The POP-Q system does not specify whether the external measurements (GH and PB) should be made at rest or with straining. We observed statistically significant increases in GH and PB with Valsalva, which may represent widening of the levator hiatus with increased intra-abdominal pressure. It is not clear from our data whether the widening of GH and PB with Valsalva is a normal phenomenon or evidence of pelvic floor dysfunction. Because GH and PB at rest and with maximal straining may measure different aspects of pelvic floor function, we recommend that both be measured in clinical trials.
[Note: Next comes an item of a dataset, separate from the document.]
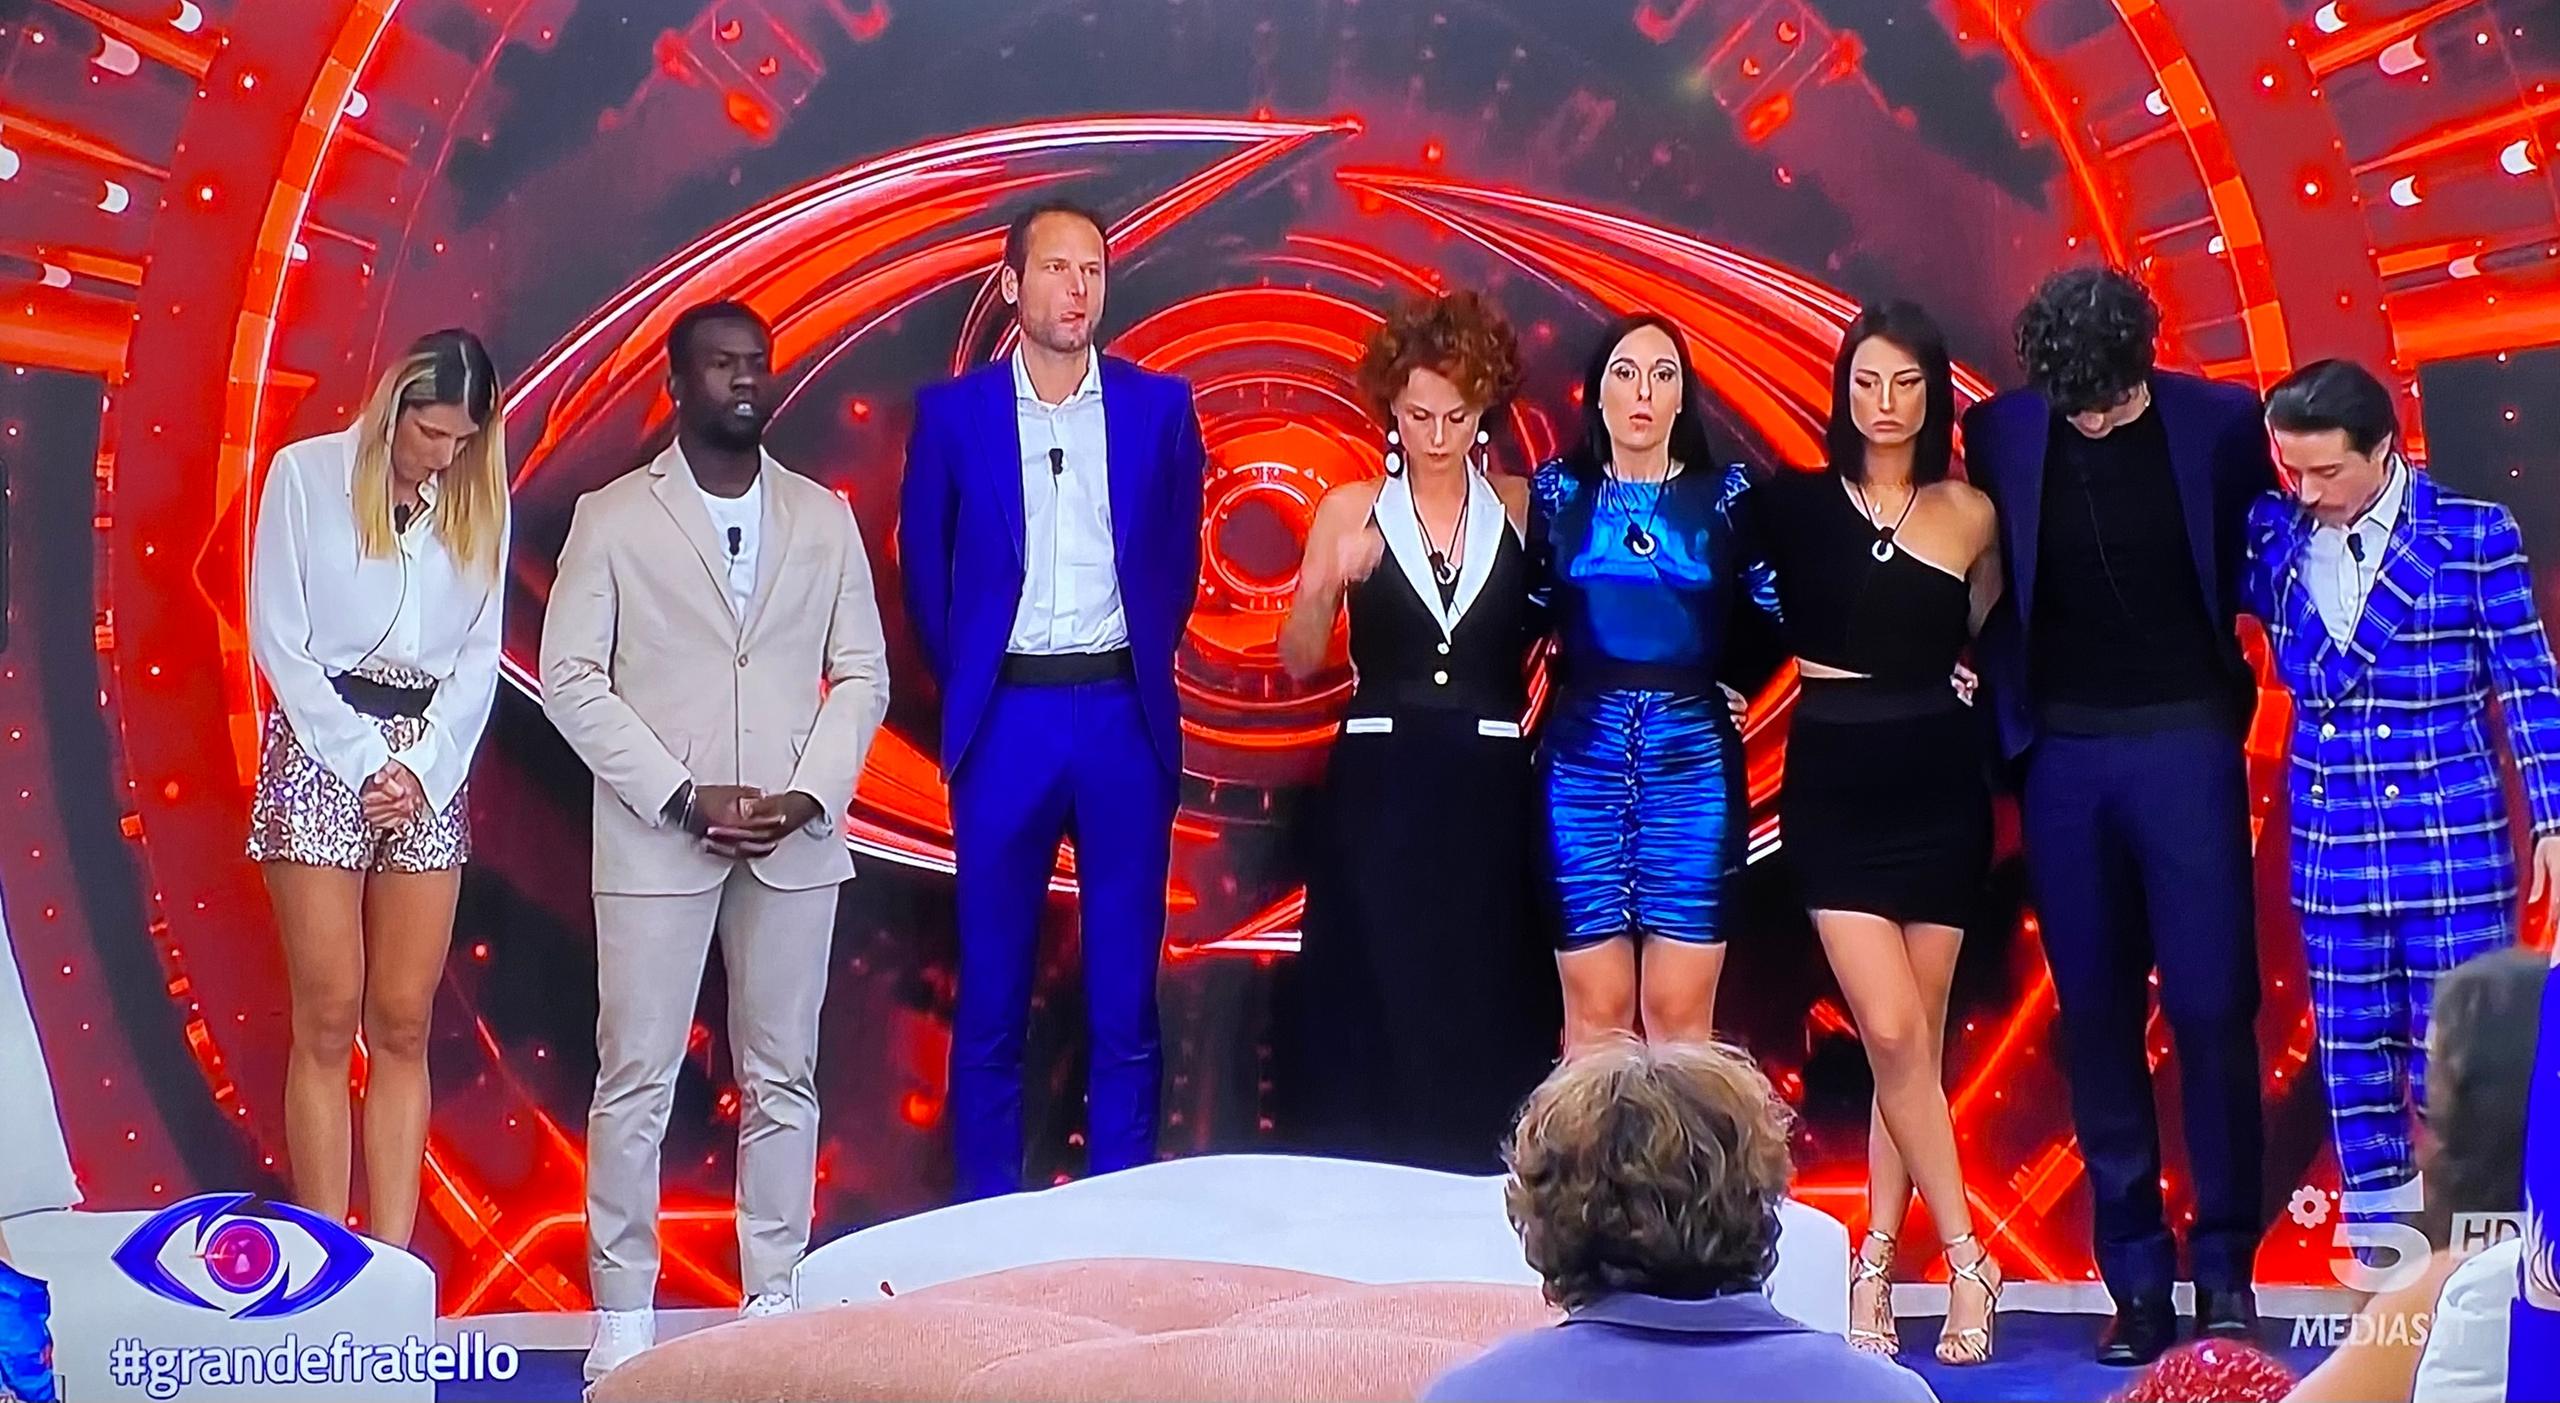 Big Brother October 5, candidates and those excluded from the House of Representatives.  Beatrice Luzzi is immune

Another technical issue regarding the POP-Q examination is whether to use a standing examination to verify that the full extent of prolapse has been observed. Three criteria for the demonstration of maximal prolapse are suggested [1]: the protrusion is taut, traction causes no further descent, and/or the subject confirms that the examination has demonstrated the full extent of the prolapse. A standing examination is recommended if these criteria are not met. Patient position has been shown to affect POP-Q examination results. Specifically, examination at a 45° angle in a birthing chair demonstrates a higher degree of prolapse than a supine examination. Our results suggest that the maximum extent of prolapse was best observed with the patient standing. Mean differences were small but statistically different. In some cases, the difference between the standing and supine examination was as great as 6 cm. Such large differences could affect the management of individual patients. More importantly, the supine and standing examinations did not always agree with respect to identification of the most dependent portion of the prolapse. This could affect the selection of surgical approach and is therefore highly relevant to clinical management. Further study is needed to compare prolapse determination between the 45° supine and the standing positions. Although this study is the first to evaluate the effects of using a speculum and straining and on POP-Q measures, other technique modifications may also be relevant. The potential effects of particular types or sizes of specula as well as rectal and bladder volume on POP-Q assessments need to be examined. Although a population-based sampling frame was not used in this study, we took advantage of the PFDN to recruit subjects quickly from a clinical sample. Clinicians and researchers alike should understand how specific technique modifications may affect their POP-Q measures. Future work should focus on the standardization of technique as a means to improve the reliability of pelvic organ prolapse measurement.